Using an approach called sparsity, Xilinx and Numenta are able to make an AI chip fifty times faster overall.

xilinx-press-tour-may-2021-slide-12.jpg

Benchmark tests results offered by Xilinx and Numenta for Xilinx FPGAs on two standard machine learning AI tasks, Google Speech Commands, and ImageNet. In both cases, the Y axis is a measure of throughput, words per second in the case of Google Speech Commands, and images per second in the case of ResNet-50 on ImageNet, where the higher bar is the better score because it equals greater throughput.

Xilinx

Numenta, the Silicon Valley artificial intelligence firm founded by Palm Pilot creator Jeff Hawkins, has been able to achieve a dramatic speed up in conventional neural networks using Xilinx programmable logic devices, Xilinx CEO Victor Peng told ZDNet in an interview Friday via Zoom.

The speed-up offers orders of magnitude improvement over the industry heavyweight, Nvidia's, chips, claims Xilinx in benchmark tests. 

"We achieve factors of improvement, and we beat the GPU," said Peng, discussing benchmarks the company conducted with Numenta. The measure of success is throughput that trained neural networks are able to perform.

Xilinx is in the process of being acquired by Advanced Micro Devices for $34 billion dollars, a deal announced last October.
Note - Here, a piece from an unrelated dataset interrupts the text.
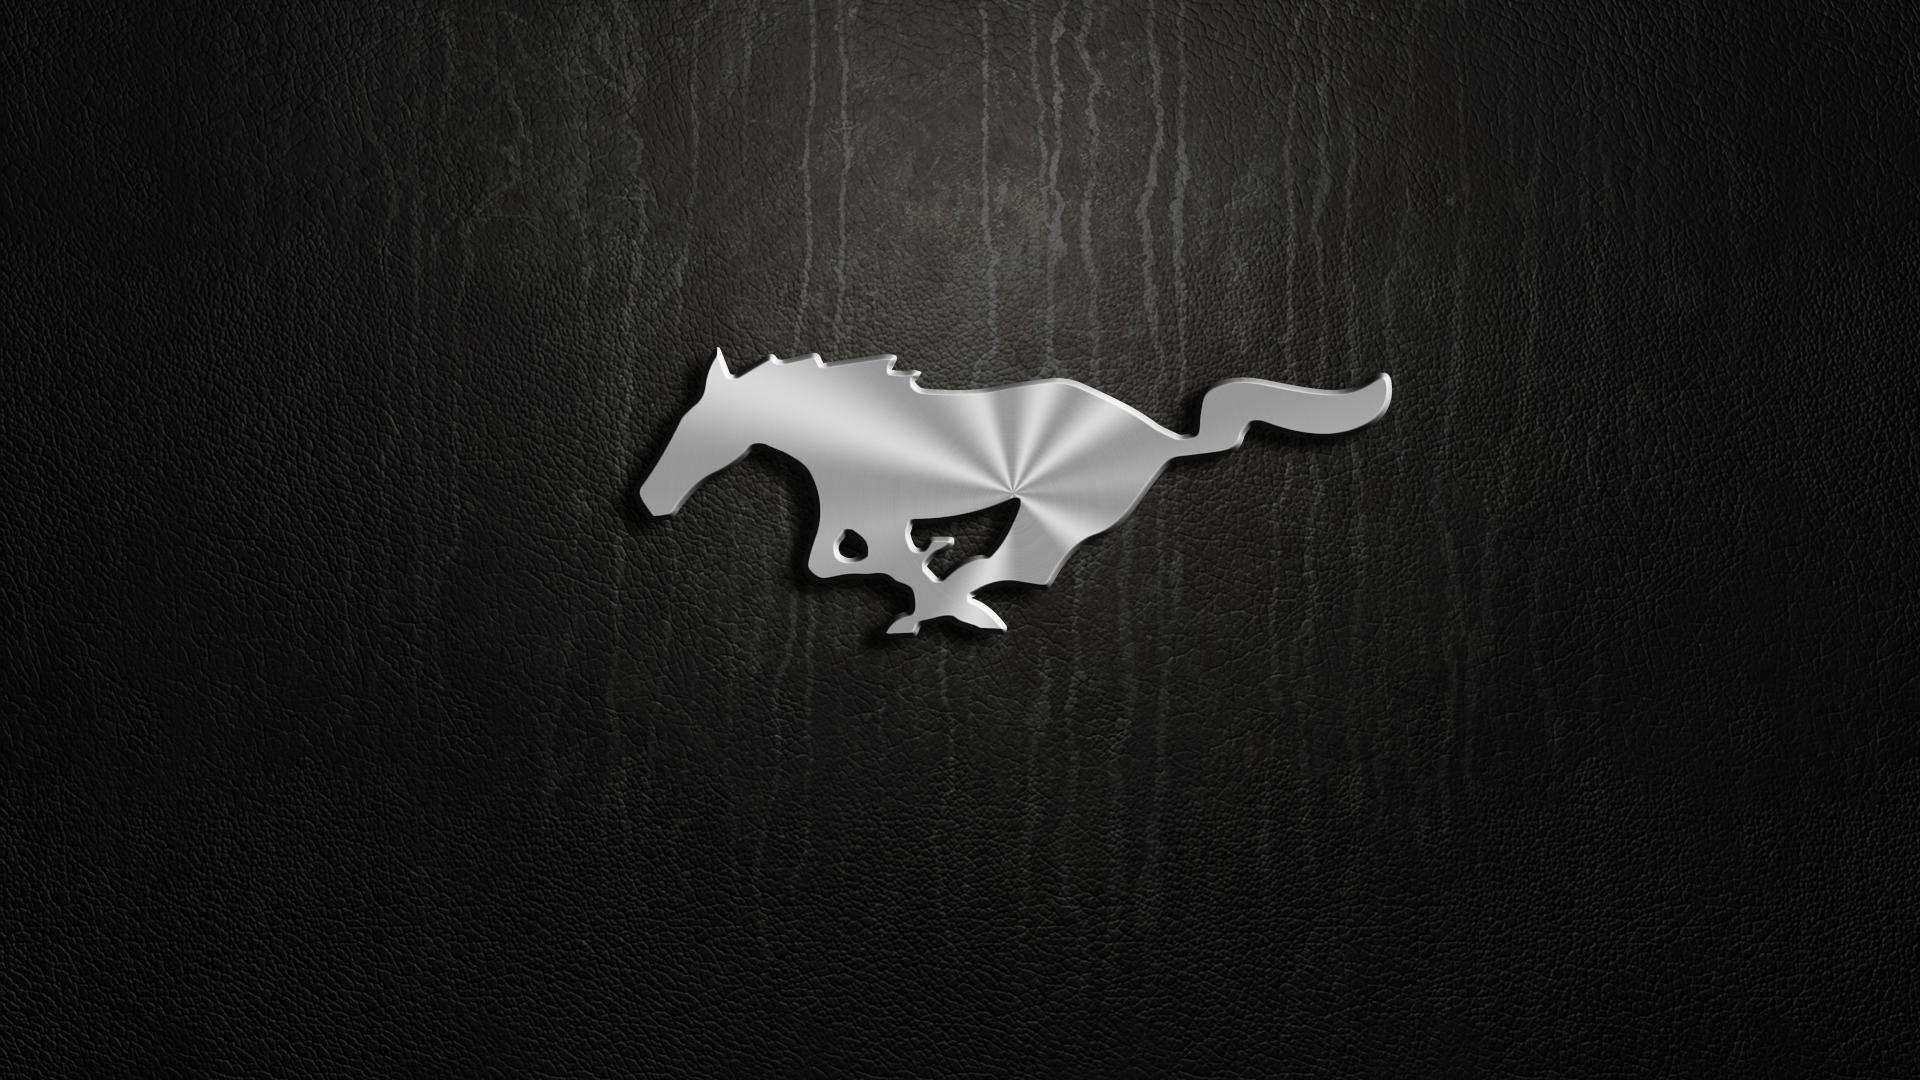 Ford Mustang Logo Wallpaper 20790

The deal has been approved by the two companies' shareholders, is in the midst of the European Union approval process, and is expected to close by the end of this year.
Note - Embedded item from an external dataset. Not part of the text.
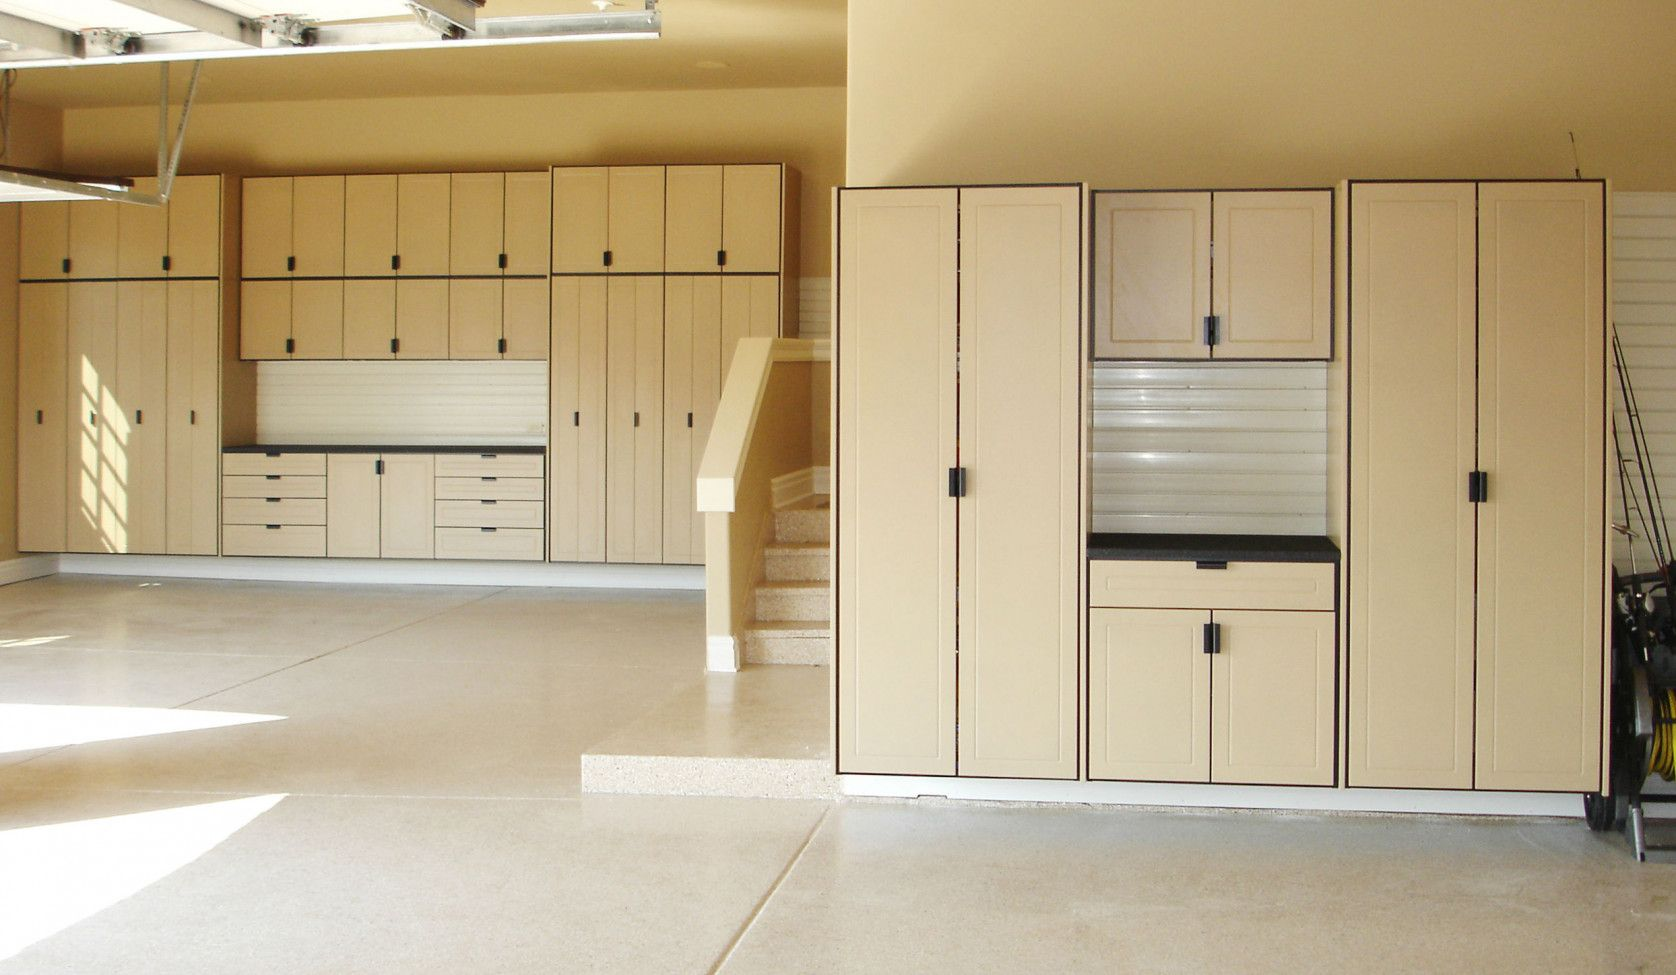 77+ Custom Garage Cabinets Storage - Kitchen Cabinet Lighting Ideas Check more at  & 77+ Custom Garage Cabinets Storage - Kitchen Cabinet Lighting Ideas ...

Xilinx offered time with Peng as a general update on progress at Xilinx while the transaction is underway.

xilinx-victor-peng-on-zoom-may-2021.jpg

"People always talk about TOPS, TOPS, TOPS," says Xilinx CEO Victor Peng, referring to benchmark machine learning stats. "TOPS only talks about the peak performance of your data path."

Xilinx

The benchmark performance carried out by Xilinx and Numenta was done on two common benchmark tests of machine learning algorithms.

The first was the Google Speech Commands, a dataset introduced by Google in 2017 to test speech recognition. The second was ResNet-50, an image recognition algorithm used on the popular ImageNet dataset.
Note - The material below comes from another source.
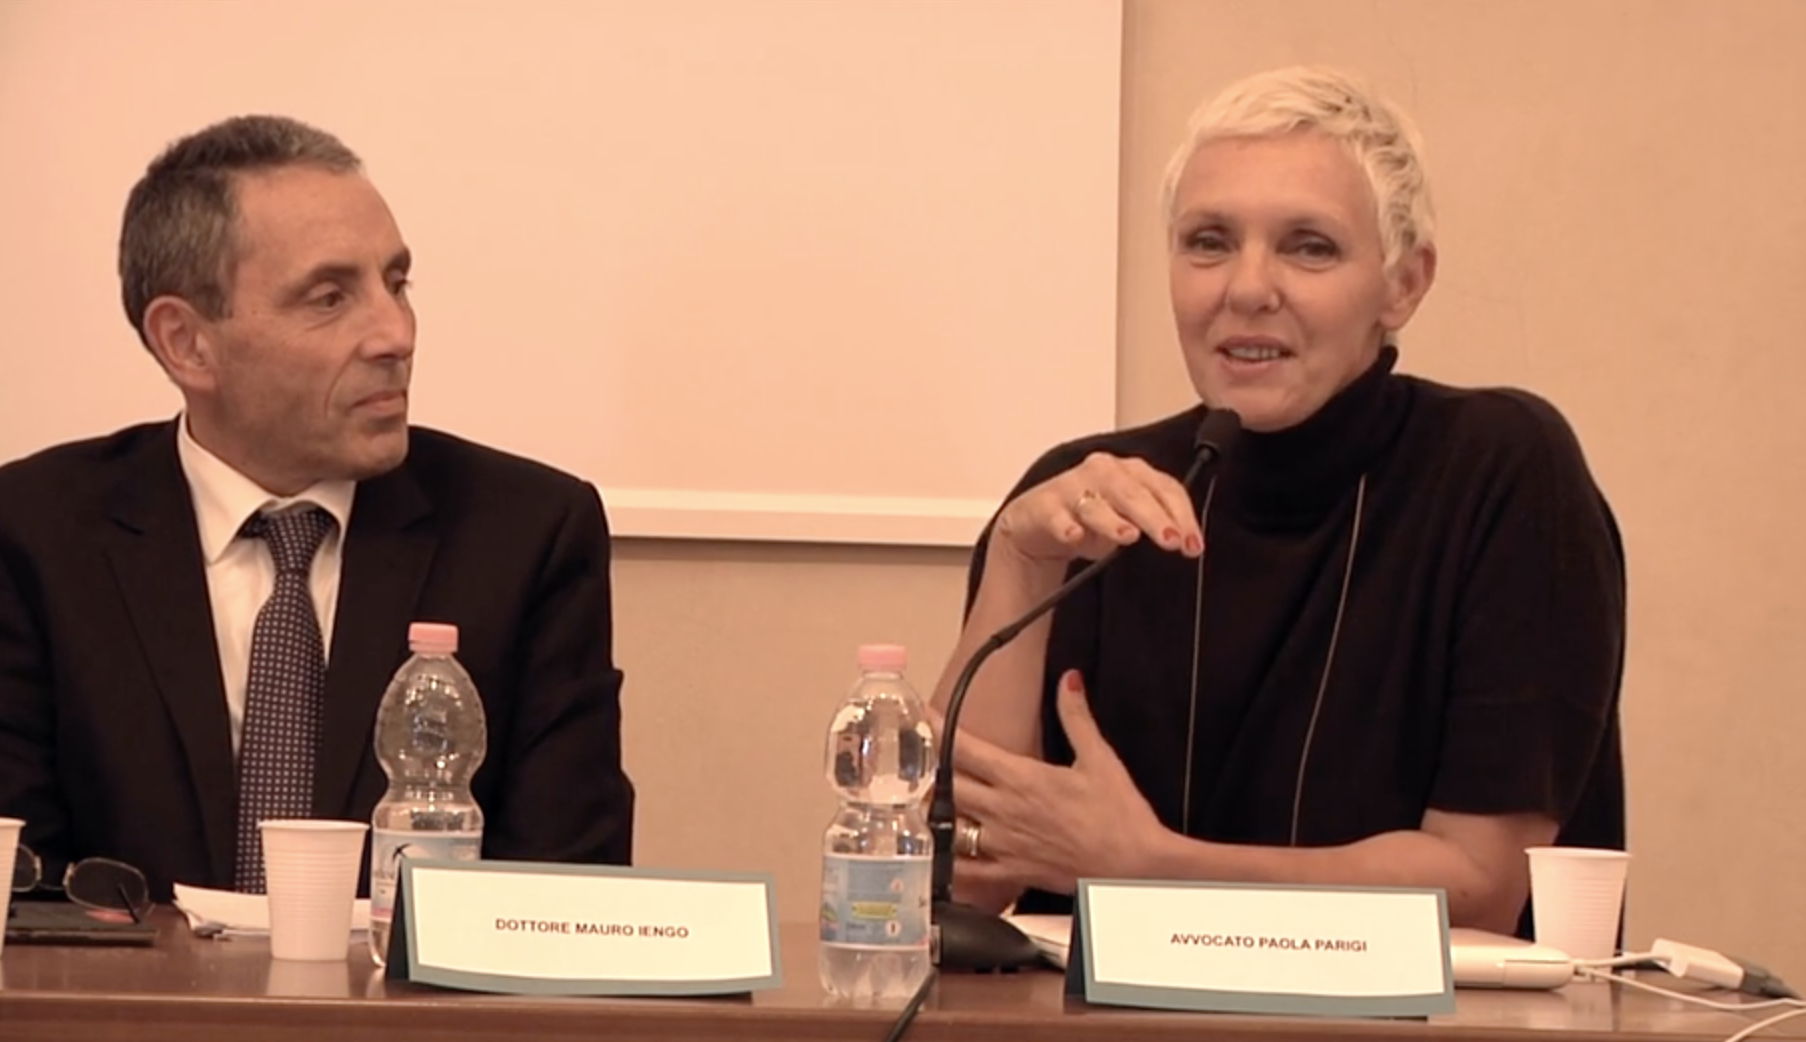 Paola Parigi Intervista Convegno Società ANF Bologna

Also: AI is changing the entire nature of compute

A Xilinx Alveo FPGA, said Peng, was able to achieve a 100-times increase in the amount of throughput in terms of words recognized correctly per second in the Google Speech test, relative to an Nvidia V100 GPU. The data had been disclosed by Numenta back in November.

The ImageNet test on ResNet-50 had not previously been disclosed by either party. In that instance, the throughput in images per second recognized was accelerated by three times on the Xilinx part, called Versal, versus an Nvidia T4 part.

numenta-white-paper-sparsity-enables-50x-performance-acceleration-in-deep-learning-networks-page-20.jpg

Numenta

One part of the performance comes from what Xilinx calls its "AI Engine," or AIE, which is a set of reconfigurable circuits that are able to speed up the basic operations of neural networks, the multiplication of vectors and matrices representing input data and weight values, respectively.

Equally important, in both tests, the AI ability of the Xilinx chips was helped by Numenta scientists, led by Subutai Ahmad, Numenta's head of research and Engineering. 

Numenta is conducting research into the brain, specifically the youngest part of the brain, the neocortex, which performs the higher-level cognitive functions in mammals, including visual perception. Founder Hawkins has written about the complex way in which the neocortex may function, a manner very different from conventional deep learning forms of AI. 

Also: A love letter to the brain: in his new book on AI, Jeff Hawkins is enamored of thought

Despite that difference, Numenta, under Ahmad's directions, is simultaneously trying to turn knowledge of the neocortex into usable algorithms to speed up deep learning.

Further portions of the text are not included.